I attempted to download and use a number of other models, but they did not work because they were not accessible via MCP, timed out, or had other similar issues. Before I dig too deep into the evaluation process and data, I wanted to share the results of the most recent evaluation. In these runs, gemma4:31b is clearly the best local baseline. gemma4:26b was historically successful, but it became unstable after updating Ollama. qwen3.6:35b was able to solve fixtures (e.g. binary test case) 0001 and 0002 after updating the prompt. Below is a table of the results from 102 runs. Please note that the results improved over time with updates to the prompt, so this should be read as a practical lab notebook rather than a perfectly controlled benchmark.

model	rows	verified	completed false	timeouts	other inconclusive	successful fixtures
`gemma4:31b`	15	11	2	2	0	`0001`, `0002`, `0003`, `0004` across later runs
`gemma4:26b`	23	10	8	3	2	mostly `0001`, plus `0002` and `0003`
`qwen3.6:35b`	11	2	6	1	2	`0001`, `0002`
`qwen3-coder:30b`	9	0	8	0	1	none
`qwen3.5:35b`	4	0	2	1	1	none
`cogito:32b`	9	0	8	0	1	none
`command-r:35b`	9	0	8	0	1	none
`mistral-small3.2:24b`	9	0	8	0	1	none
`hermes3:8b`	9	0	8	0	1	none
`lfm2:24b`	4	0	4	0	0	none

The following table is from the last run in which gemma4:31b was able to successfully write a decryptor for binaries with 1, 2, and 3 rounds of XOR functions.

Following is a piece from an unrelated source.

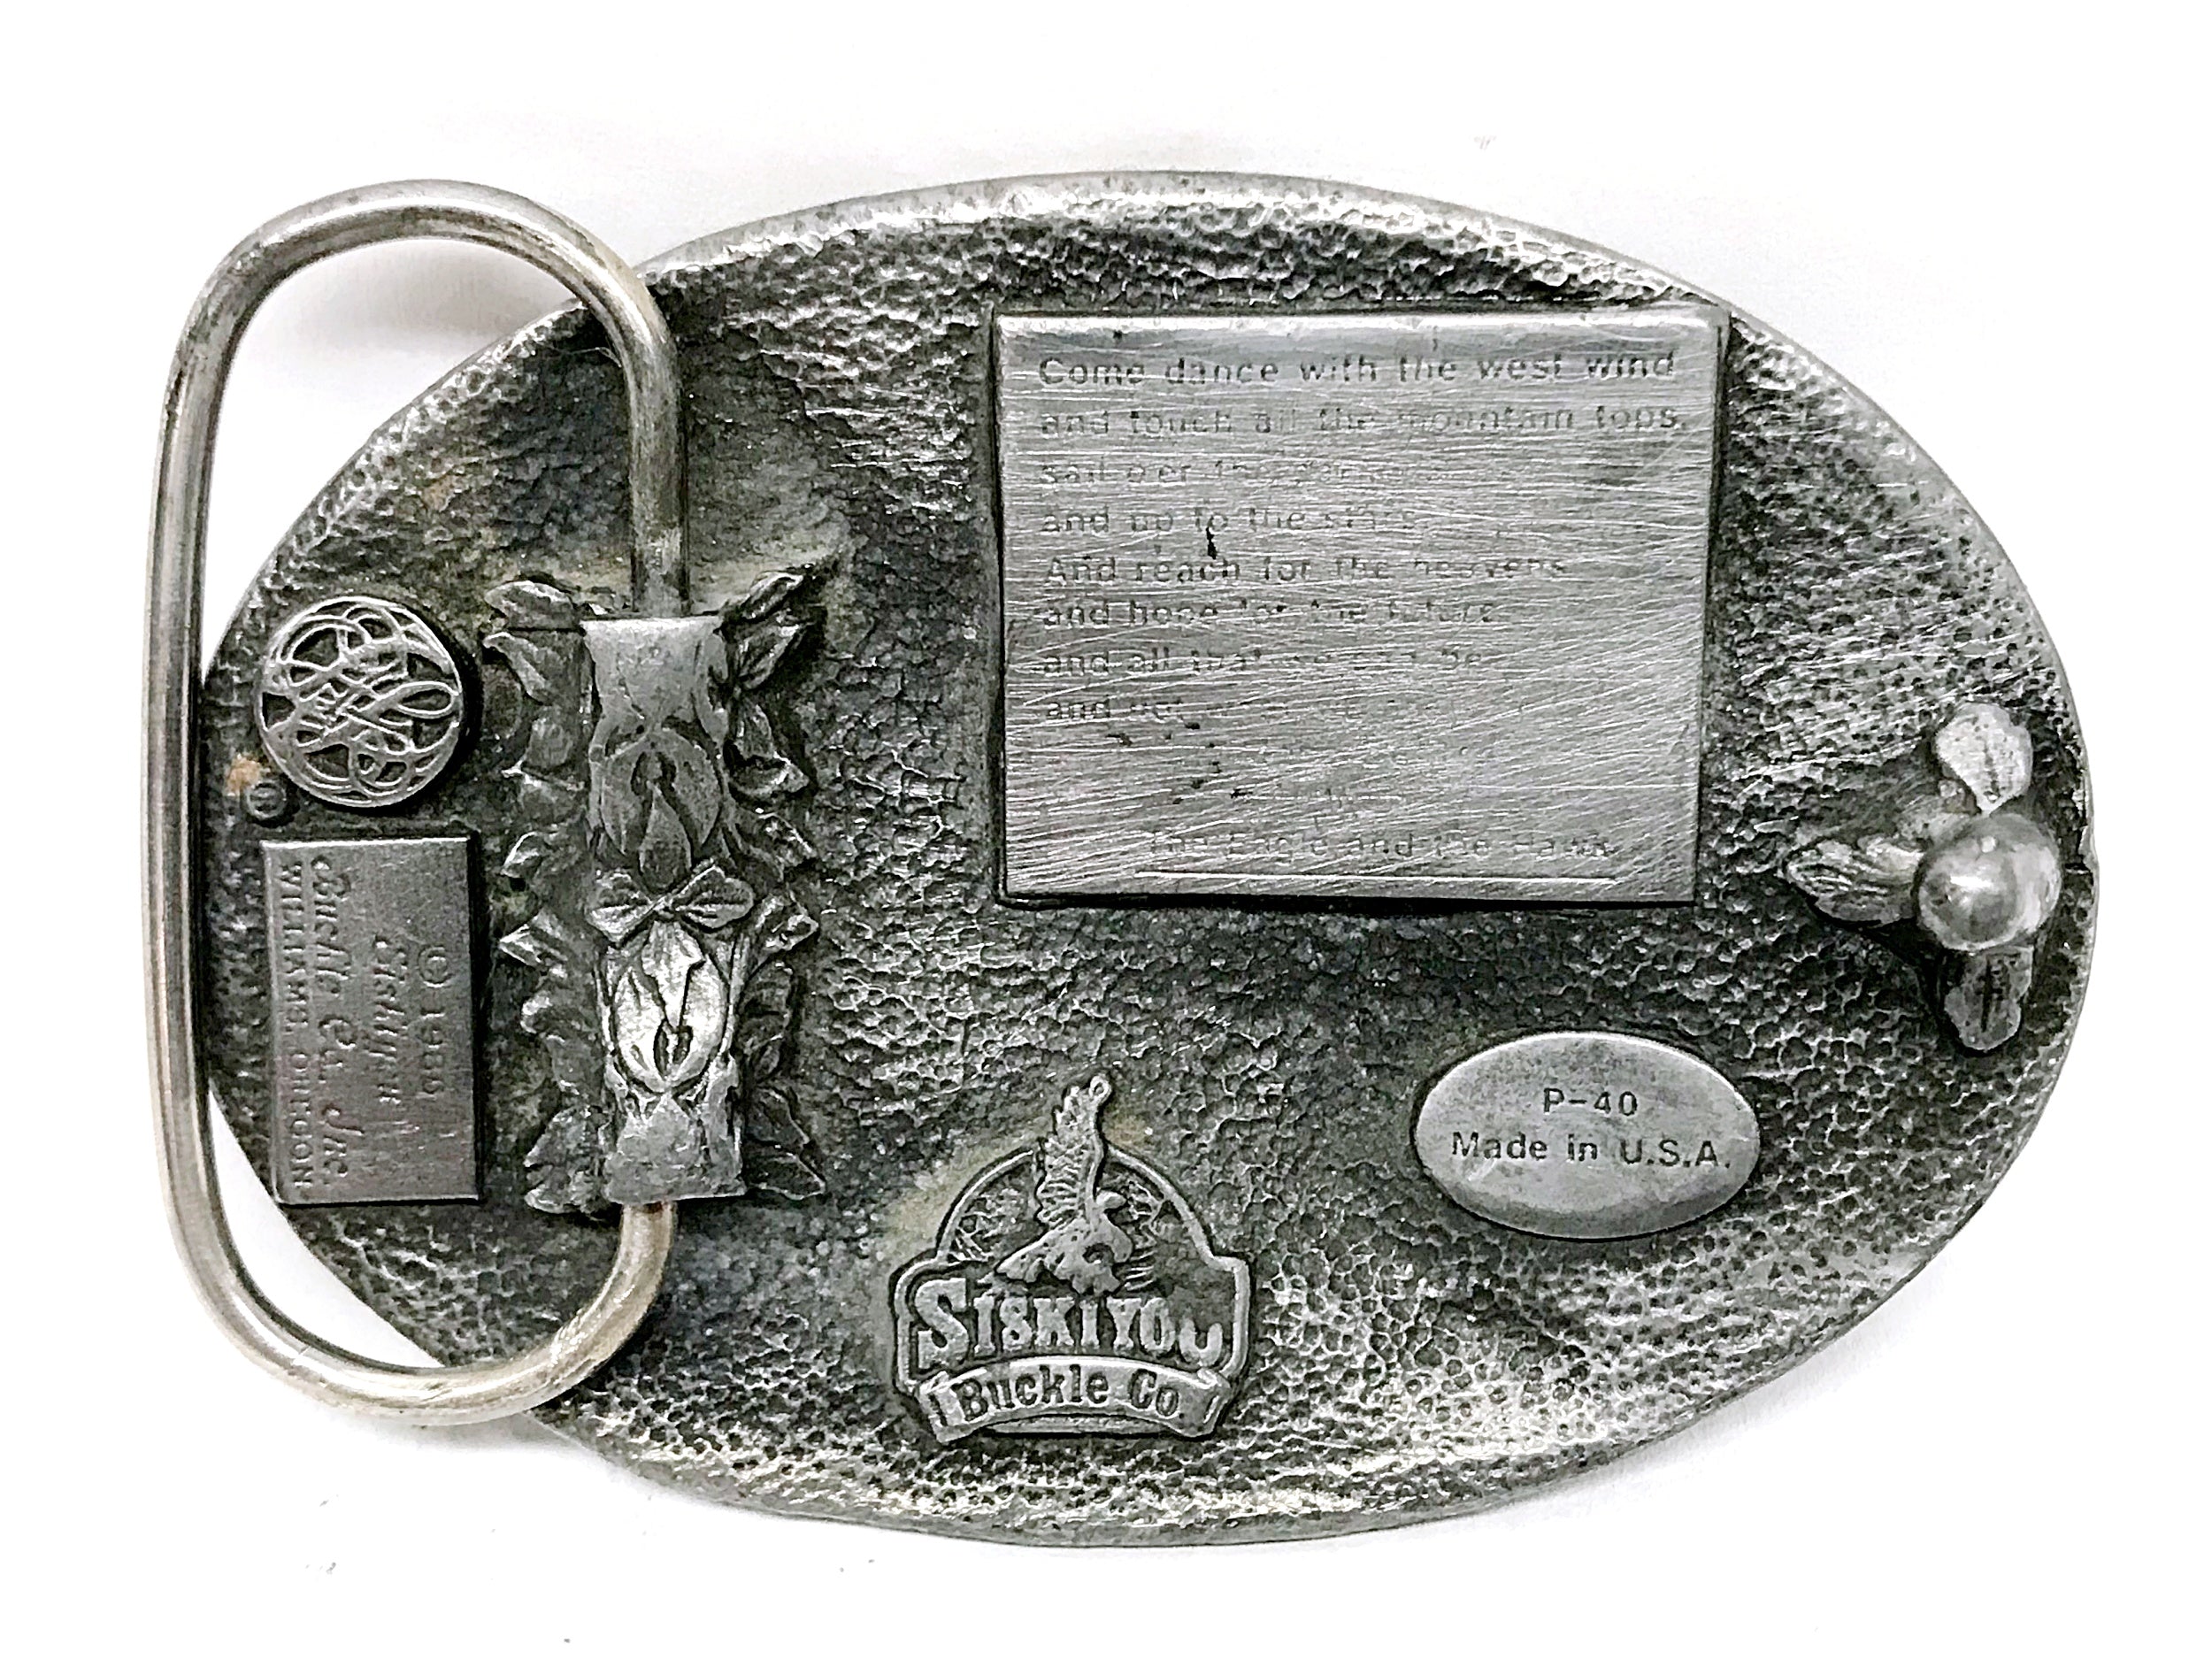 1986 Siskiyou P40 Flying Eagle and Sun Pewter Belt Buckle | USA

model	fixture	rounds	final grade	completed	decryptor correct	py blocks	status	elapsed sec	MCP calls	error
gemma4:31b	/fx_r0001_sl0016_sp0000_dwarf.exe-2f588b	0001	true	True	True	1	completed	958.73	8
gemma4:31b	/fx_r0002_sl0016_sp0000_dwarf.exe-861fc4	0002	true	True	True	1	completed	1101.385	11
gemma4:31b	/fx_r0003_sl0016_sp0000_dwarf.exe-135f91	0003	true	True	True	1	completed	918.604	9
gemma4:31b	/fx_r0004_sl0016_sp0000_dwarf.exe-9f4750	0004	inconclusive_timeout	False	False	0	ollama_timeout	2287.903	10	TimeoutError: timed out
qwen3.6:35b	/fx_r0001_sl0016_sp0000_dwarf.exe-2f588b	0001	true	True	True	2	completed	414.498	23
qwen3.6:35b	/fx_r0002_sl0016_sp0000_dwarf.exe-861fc4	0002	true	True	True	4	completed	281.356	13
qwen3.6:35b	/fx_r0003_sl0016_sp0000_dwarf.exe-135f91	0003	false	True	False	1	completed	304.465	29

The analysis of the 4-round binary timed out after 1800 seconds (30 minutes). Previous runs were able to decrypt 4-round binaries, but not 5-round binaries. There is evidence in this setup that the models start to degrade as the binary becomes more complex, but the results are still inconclusive.

Failures

Disclaimer: The failure report was generated using AI. I personally find the failures fascinating.

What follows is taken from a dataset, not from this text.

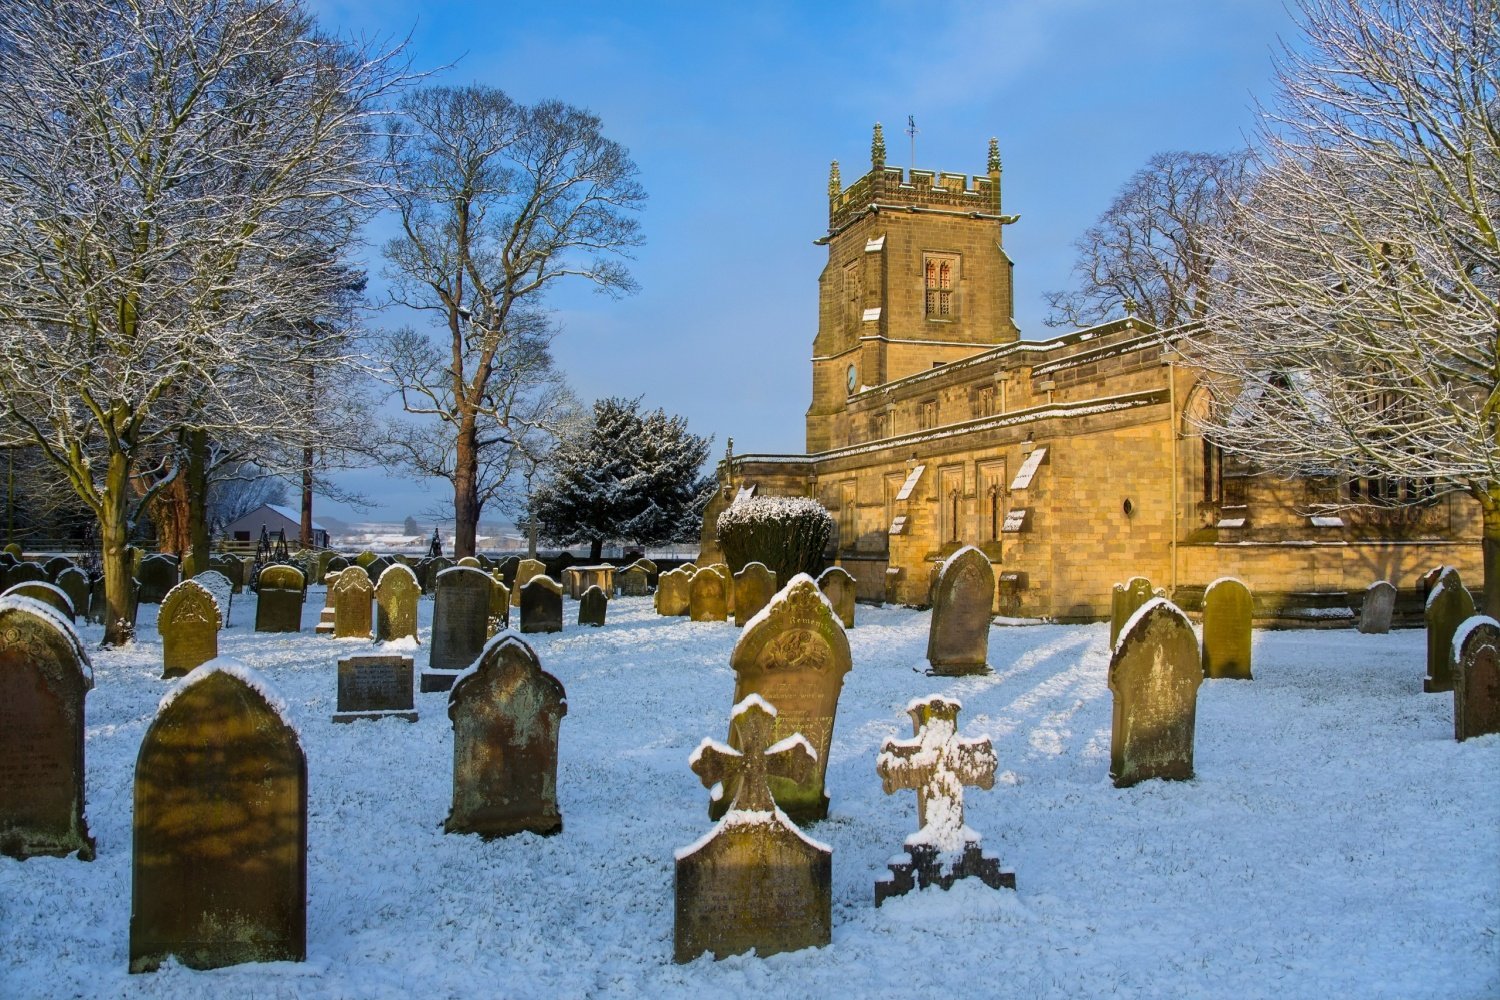 Image name slingsby north yorkshire church in snow the 14 image from the post Slingsby, North Yorkshire in Yorkshire.com.

The failures cluster around a small set of reverse-engineering translation hazards:

uint32_t + uint32_t wrapping before a later uint64_t cast
C unsigned literal widths, especially constants ending in u
C cast timing, such as (uint64_t)(expr) where expr was already evaluated at 32 bits
CONCAT44(a,b) high/low argument interpretation
C operator precedence involving +, ^, |, <<, and >>
64-bit rotate idioms such as (x << 21) | (x >> 43)
final derive_state accumulator behavior and final xorshift32(...)
preserving byte order from mixed character/hex array initializers
implementing every generated round function in order

The most interesting lesson so far is that the models often do the hard-looking part first. They find the right functions, recover the encrypted bytes, and understand the XOR loop. The thing that breaks them is often much smaller: one C integer-width rule, one cast at the wrong time, or one generated round translated almost-but-not-quite correctly.

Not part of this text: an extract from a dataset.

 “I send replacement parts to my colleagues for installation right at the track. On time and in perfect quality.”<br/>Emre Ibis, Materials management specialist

1. The Hardest Failures Are Now Translation Errors, Not Tool Access

The strongest models usually find the right region of the binary: main, derive_state, xorshift32, encrypted bytes, and the generated round functions.

The most important remaining failure class is translating C/Ghidra semantics into Python exactly. This shows up as scripts that look plausible, run successfully, but print non-plaintext bytes.

Note: 20260611-** is the id of the run

Confirmed examples:

gemma4:31b, 20260611-aa, fixture 0004
- The model recovered the right functions and wrote a full decryptor.
- Failure was in R3: it translated (uint64_t)(0xc8e57b40u + m) as a wide Python addition instead of u64(u32(0xc8e57b40 + m)).
- One-line fix made the script print Hello, World.
gemma4:31b, 20260611-cc, fixture 0005
- Same root cause in R3.
- Correct C: p->b ^= (uint64_t)(0xc8e57b40u + m);
- Model Python missed the 32-bit wrap before widening.
- One-line fix made the script print Hello, World.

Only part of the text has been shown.